WORLD CUP MOMENTS - NO.49: Packer innovations leave indelible mark

HUW TURBERVILL: ‘Packer’s Circus’ may have shown the global game the light when it came to limited-overs cricket, but the official World Cup did not reflect its innovations until 13 years later


Media mogul Kerry Packer formed the breakaway World Series Cricket in 1977 after his consternation at being denied the television rights to show live cricket on his Channel Nine (the Australian Cricket Board staying loyal to the Australian Broadcasting Corporation despite being offered eye-watering sums).

At the start WSC was not a financial success, but it still started putting the squeeze on Australia’s official international product, and eventually, it really took off, forcing the ACB back to the negotiating table. 

Peace was then made in the winter of 1979/80, and the English were invited back for a second successive winter. After beating the Packer-depleted official Aussie side the year before, this time they were hammered by the full-strength outfit. They initially refused to play ball with coloured clothing (no coloured stripes down their whites for them!), although they relented with the black pads.

All the Packer razzmatazz became the norm when it came to one-dayers in Australia from then on…

The official ICC-organised World Cup continued to be a very traditional affair for years though. Yes the tournament held in England – for the third successive time – in 1983 was expanded, with each team playing the other in the four-team first-round groups twice. But the sides still played in white clothing, with red balls. Ditto the 1987 World Cup, in India and Pakistan. It was bizarre – but then change has often been slow in cricket.

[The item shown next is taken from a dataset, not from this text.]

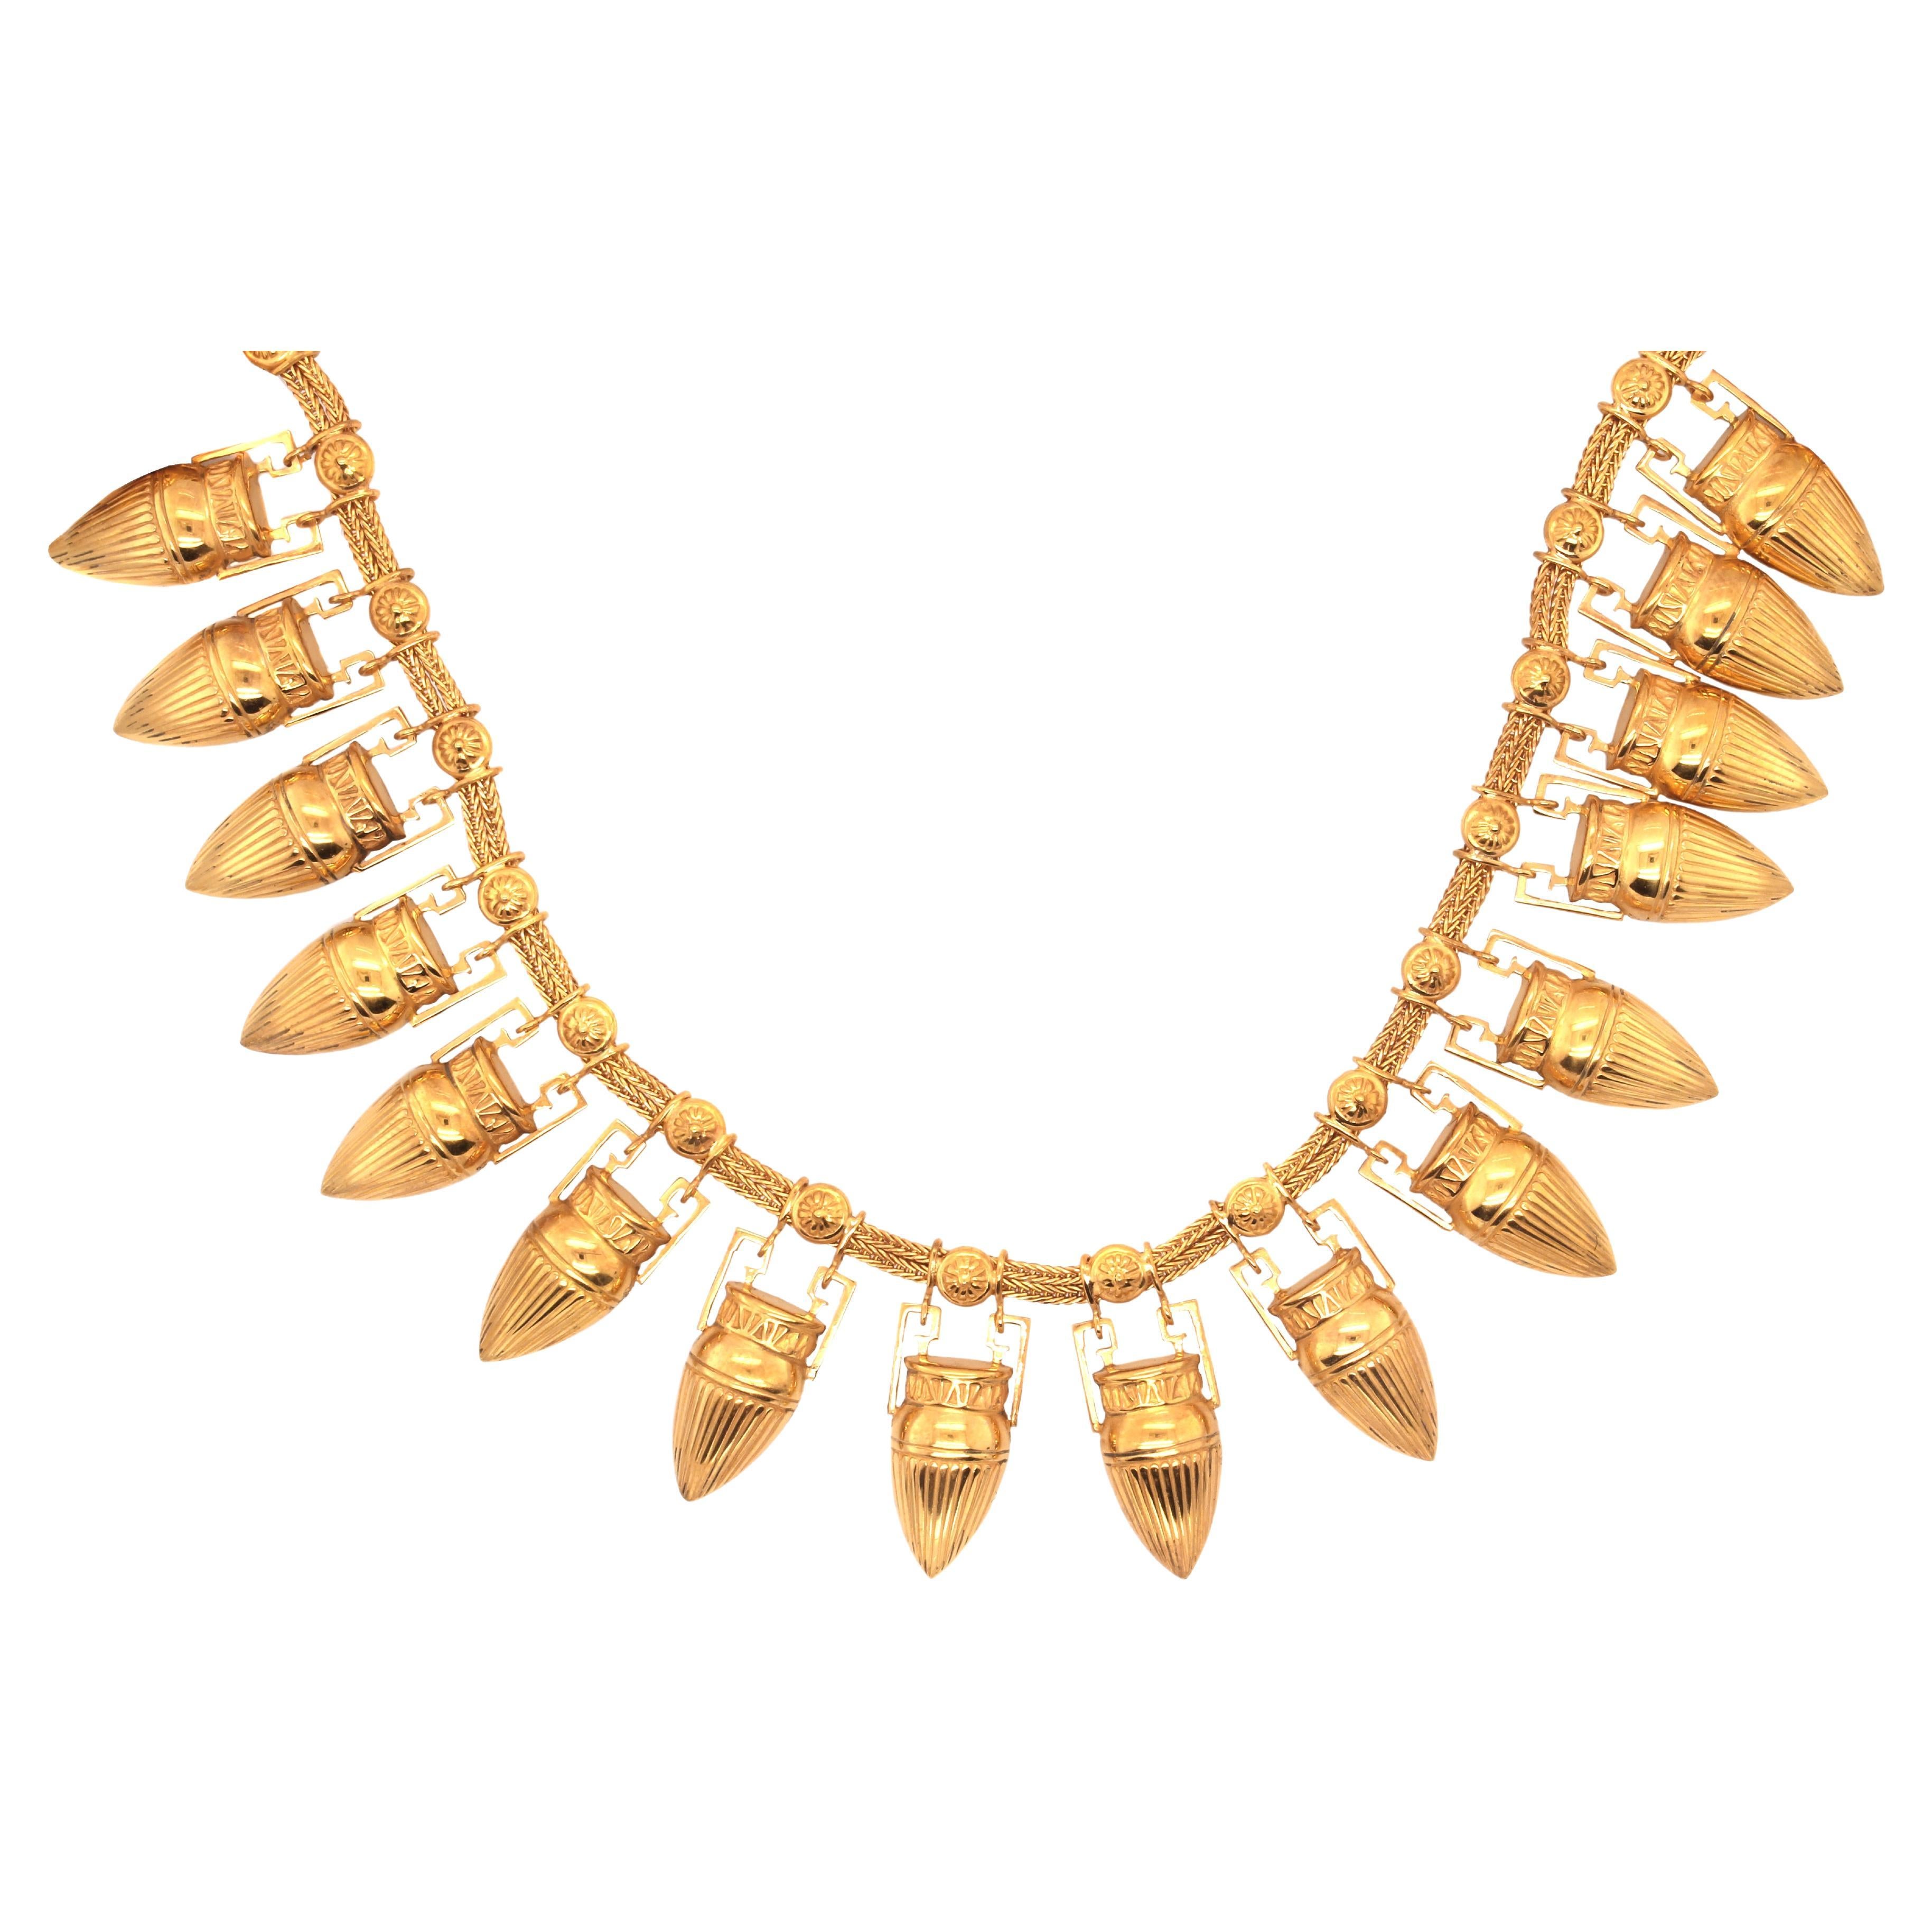 Castellani 18kt Gold Amphora Necklace For Sale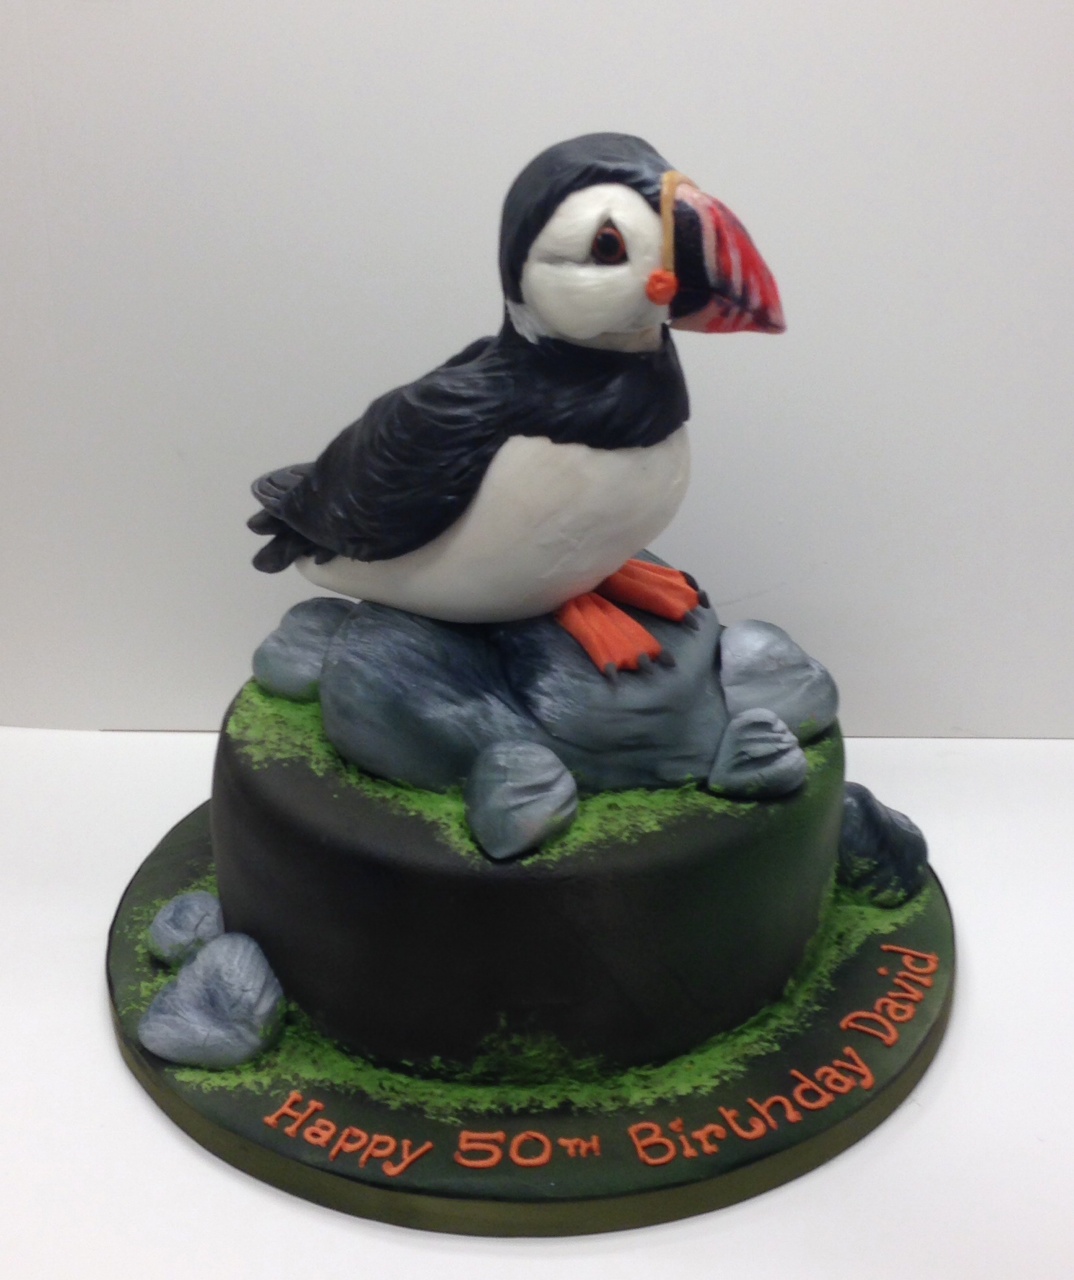 Animal birthday cakes - Cakes by Robin

Coloured kits were among the key innovations which remain today

Before Packer’s intervention, England players like Tony Greig, according to Will Buckland in the informative book Pommies: England Cricket Through An Aussie Lens, received £210 per Test; Aussies like Ian Chappell were getting $200.

The leading players had other jobs – Dennis Lillee ran an office-cleaning business. When Packer’s Supertests and ODIs arrived, earnings spiralled to £25,000–30,000 a year, an astronomical leap.

Then in the 1980s – a definite legacy of Packer – there was also a huge expansion in one-day internationals, with teams going from 30 games a year to 60. This included Australia’s glitzy annual World Series Cup, a triangular affair that continued to use coloured kit (the England national team did not embrace those concepts until the summer of 2000, although they had appeared in county cricket’s Sunday League in 1991).


Perhaps frustrated that they had to wait so long to host the World Cup, the Australians staged their own alternative in February and March 1985. It was a bit like the unofficial James Bond film Never Say Never Again, starring Sean Connery, coming out in the cinema the same time – 1983 – as the canonical Octopussy with Roger Moore – although this competition did have official ODI status.

The Benson & Hedges World Championship of Cricket was like an expanded World Series Cup, with the usual coloured kit, and the seven Test teams taking part. It commemorated the 150th anniversary of European settlement in Victoria, but to me it felt like the Australians saying this was how they would do the World Cup – although all the matches were staged at only two grounds – the MCG, which held its first games under its new £3m lights, and the SCG (nine and four at each respectively).

A crowd of 82,000 attended the opener at the latter venue, between the hosts and England. World Cup holders India won the tournament. It was great to watch, although it was reported in the Wisden Cricketers’ Almanack that the overall crowd of 245,302 was a disappointment for the organisers.


Global audiences have grown - even if live crowds have been limited

It seemed fans had had their fill of ODIs after a 10-week stretch in total, and Australia and England did not reach the later stages (a little like when India and Pakistan failed to make the final of the World Cup they hosted two years later).

Finally, seven winters later however, the Packer glitz – coloured costumes, white balls, black sightscreens, floodlights, television cameras at both ends – eventually manifested itself on the World Cup stage in the 1992 version, in Australia (they held 25 matches) and New Zealand (14). 

It was a spectacle. The costumes were attractive, in primary colours, and remain popular retro items. The format – 10 teams playing each other in the first round, then semis and final – worked well and has been copied this summer in the United Kingdom. The 1992 World Cup had 12 more games than in 1987, but at 33 days, was only a day longer.

Even more importantly, for the players anyhow, was the spike in prize money. It was £118,000 (boosted by the sponsorship of a cigarette company) – which does not sound that much, but compared to the £9,000 on offer for the inaugural tournament in 1975…

Finally, this was a World Cup forged from the furnaces of Packer – just 13 years late.